Quale virus era stato inoculato dal Romanticismo nel gusto, nell’arte? Semplicemente il brutto! Il “brutto entra nell’arte, - dice Stefanini - ma bisogna osservare attentamente in qual modo vi entra. Il brutto entra nell’arte, anzitutto, quale contenuto, come ciò che non vale nell’arte se non in quanto trasfuso e risolto nella forma.”51 Ma in questo caso non siamo in presenza di un brutto estetico. Quando però il brutto non è un contenuto che prenda parte alla forma artistica, ma intacca quest’ultima fino a stravolgerne la funzione, che è quella di generare l’unità, allora, nonostante l’equivoco estetico in cui viviamo, dell’arte non rimane che il nome: siamo davanti ai vestiti dell’imperatore. Non si può confondere, insiste Stefanini, “un’artistica rappresentazione del brutto con una brutta rappresentazione del brutto.”52

Con il brutto, egli precisa, “la deformità stessa s’insedia nella forma, in modo che sembri fatale la capitolazione alla legge del disordine e del caos. Qui si dovrebbe passare, com’è stato detto, dal “brutto nell’arte” al “brutto dell’arte”.”53 E continua: “Non si crea la forma del deforme se il deforme non finisce nella forma. Ma se l’ultima parola non resta all’ordine ricomposto, alla forma stretta sul plesso vigoroso delle sue resistenze, non si tratta della parola dell’arte: si tratta solo d’un transfert di psicologia turbata in un momento difficile della storia degli uomini.”54 “Questo antinomismo artistico, che non è una novità dei giorni nostri, perché partecipa della natura stessa dell’arte, si accentua fino al delirio in un’epoca afflitta dalla propria incapacità di darsi una forma o soddisfatta dei propri contrasti più stridenti e ansiosa di ritrovare le sue fattezze nel volto dell’arte.”55

“È stato detto più volte che ogni stile ha il suo barocco: - ci ricorda - il barocco, infatti, non è che l’arte spinta dal diverso al contrario.”56 Ma qui si apre un discorso che avrebbe bisogno di più ampio spazio: ci sia permesso accennare solamente alla distinzione che occorre operare tra barocco della forma e barocco del contenuto, quale nel Seicento soprattutto si è andato determinando. La distinzione e divaricazione dei due tipi di barocco, posti storicamente in contrasto tra loro, hanno portato al virtuosismo della forma, senza contenuto (il Rococò), e all’esaltazione del contenuto, senza forma (teoria romantica della pagina bianca). I risultati tuttavia, al di là dei programmi e delle aspirazioni, sono quello che sono: a volte di alto valore, a volte di valore modesto.

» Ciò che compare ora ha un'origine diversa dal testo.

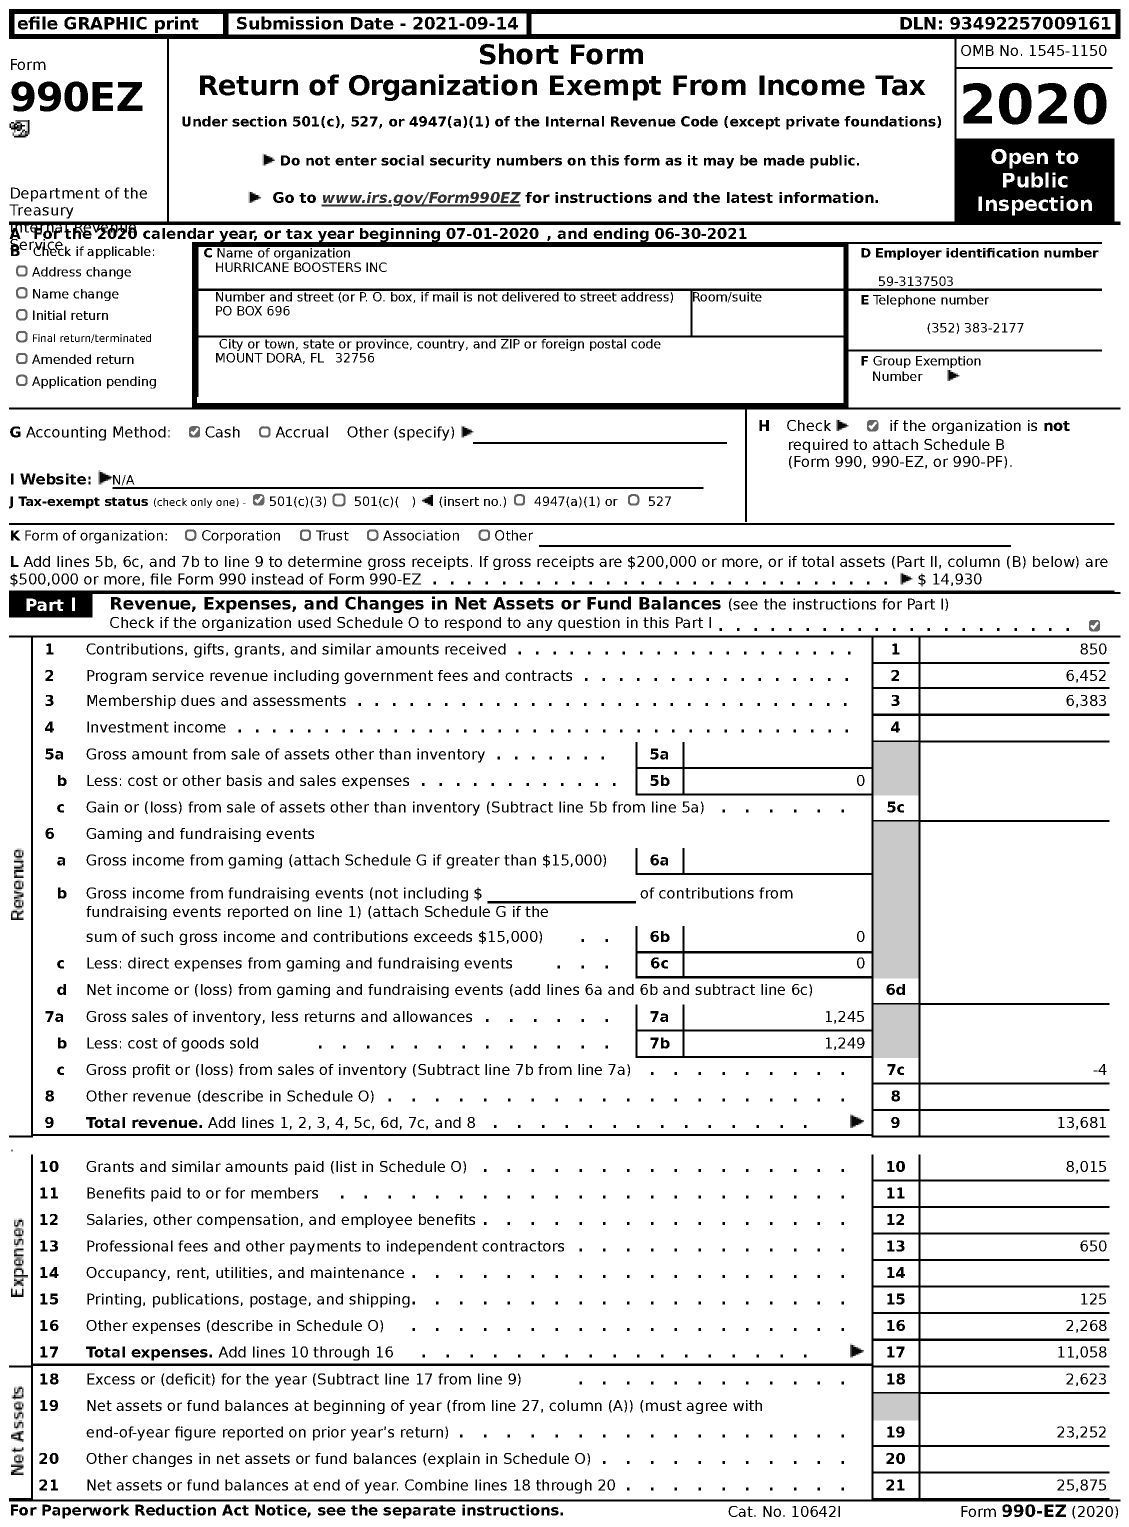 Image of first page of 2020 Form 990EZ for Hurricane Boosters

Se l’arte è morta, come di fatto è morta, poiché quella che si dichiara tale crede di parlare a qualcuno, a qualcuno che crede di udirla parlare, ciò vuol dire che nella società si è prodotta quella lacerazione tra uomo e uomo, e nel singolo in se stesso, che il principio di Protagora di Abdera implicitamente conteneva. L’eduzione, che Stefanini aveva ripreso da Gioberti, da un filosofo cioè che poneva l’identità tra ‘primo logico’ e ‘primo ontologico’, del resto come un San Bonaventura aveva ancor prima teorizzato, l’eduzione, dicevo, rischia di restare una semplice aspirazione, non però assumibile nel contesto personalistico, se il singolare che è l’uomo non viene chiaramente trasceso dal Singolare che è Dio. “Il singolare - aveva detto Luigi Stefanini - non è trasceso che dal singolare”, e alludeva a Dio; ma se questo è vero, converrà senz’altro affermare con Platone che “Il dio è per noi la massima misura di tutte le cose, molto più di quanto lo può essere un uomo, come invece dicono ora.”57

51 Ivi; p. 209. 52 Ivi; p. 210. 53 Ivi; p. 211. 54 Ivi; p. 213. 55 Ivi; p. 212. 56 Ivi; p. 212. 57 Leg. IV, 716 c.; in PLATONE: Opere complete. Laterza, 1971.